Johnson adds, however, that the distortions could be even more remarkable. He explains that some signals suggest that the new trajectory of COVID-19 could ultimately turn it into a fecal-oral virus rather more comparable to norovirus, cholera or hepatitis A than the cold.
On social media, X, Johnson calls himself a “wastewater detective” and further comments on how some of the most accurate predictions can be made by following the traces of Covid in the sewer. According to Johnson, SARS-CoV-2 can also be found in the gut of those infected for an extended period, and along with Johnson, some of his other colleagues have been able to identify certain people who have a long-term bowel infection. Such patterns were not observed in clinical samples, say, in patients of hospitals, but rather in sewage systems, and they were formed not by the COVID virus but by the gut vesicular viruses. The colonization strain belonged to complete cryptic lineages, which covered only sewage. This means that all the excess of one of the types of these viruses has up to six anonymous individuals, and these confusing types strive to be excreted.

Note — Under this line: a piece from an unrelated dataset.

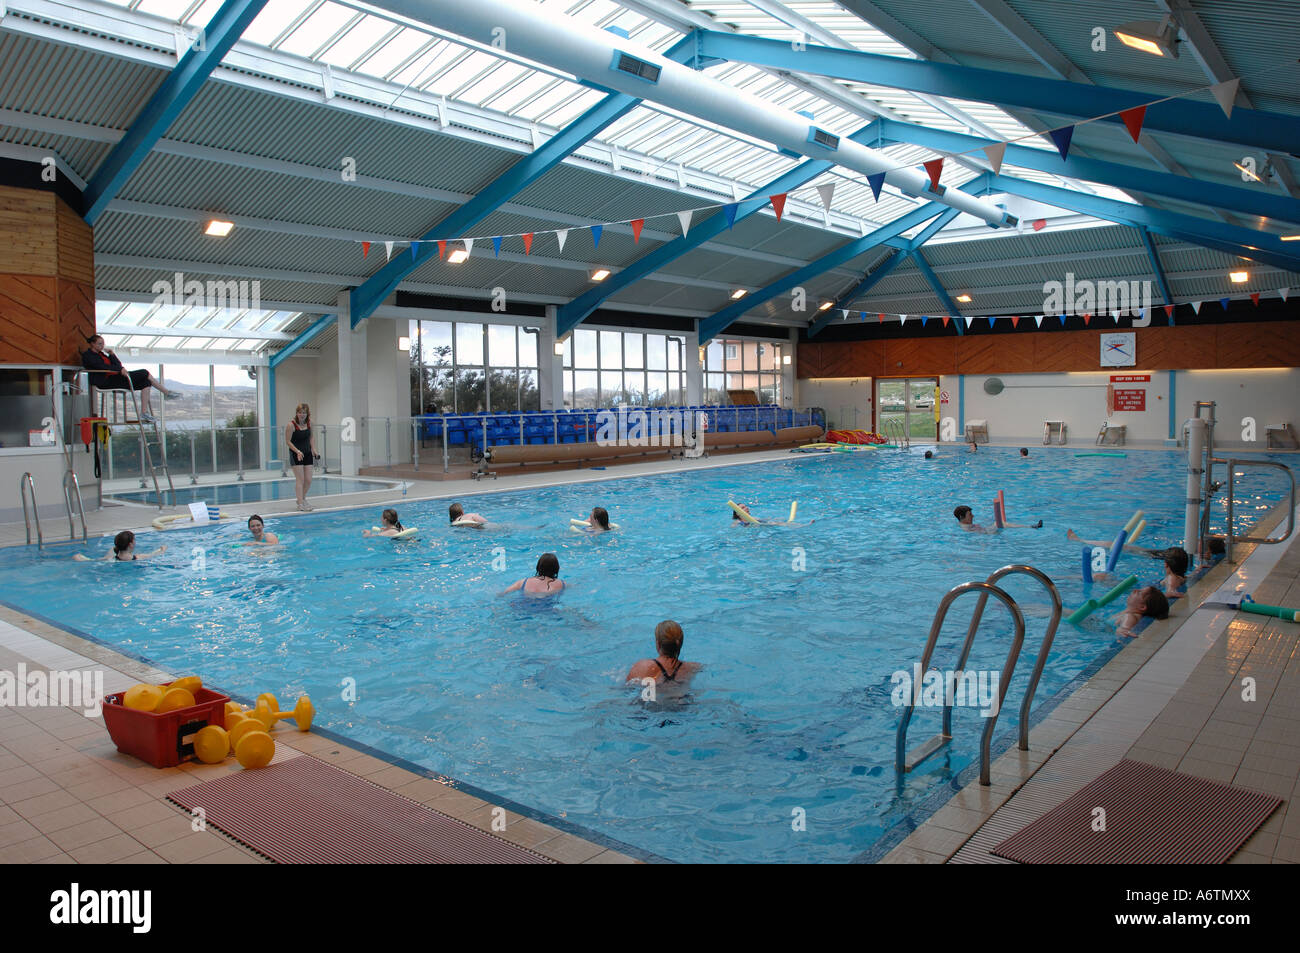 https://c8.alamy.com/comp/A6TMXX/swimming-pool-at-the-leisure-centre-in-stanley-the-capital-of-the-A6TMXX.jpg

Johnson predicts that this sort of thing takes place from time to time because a type of COVID has been changed and, therefore, developed to be an infection for the bowels for a long time. For this reason, he has reason to think that SARS-CoV-2 may eventually mutate to be transmitted in stool particles similar to the other fecal-oral viruses.
“A lot of the bat coronaviruses, that’s how they spread,” says Johnson. “Interestingly, the evolutionary ancestors of Covid were not respiratory viruses; they were enteric viruses [those that live in the gut], spread via water, food or contact with people. So Covid may become a completely food-borne pathogen, but no, that is not going to happen during our lifetime.”
The other key question is what having COVID-19 for a longer period as a gastrointestinal infection effect could be and how frequent this one is, too. For that reason, he is currently trying to find subjects who suffered from COVID-19 and have had any chronic gastrointestinal symptoms after the infection for a sample study.
Johnson contends that it’s essential for the public’s well-being to delve into the ramifications of long-term gut infections caused by COVID-19. When looking into wastewater, he’s been able to identify a recurring region that would often vanish after a long period while refusing to disclose why he believes it occurs or what it means. Probably, the person dies. “This is why there’s a ton of unanswered questions,” he continues.
In that context, meanwhile, the majority of COVID-19-infected patients are asymptomatic, but researchers such as Johnson or Chin-Hong stress the importance of getting vaccinated and the importance of pharmaceutical companies to develop next-generation vaccines. Lee points out that the new phase of the COVID-19 vaccination effort is good-natured because Chin-Hong notes that the new mucosal vaccines are supposed to prevent forward spread rather than just preventing severe infection and disease. In addition, work continues on a universal COVID-19 vaccine, which does not have to be updated every year.
“The next step regarding Covid remains truly ambiguous, and that’s what Chin-Hong said. He added, “Although the chances of serious sickness and hospitalization have decreased, advanced medication as well as better vaccines for some individuals, at least in the future, are still a must.”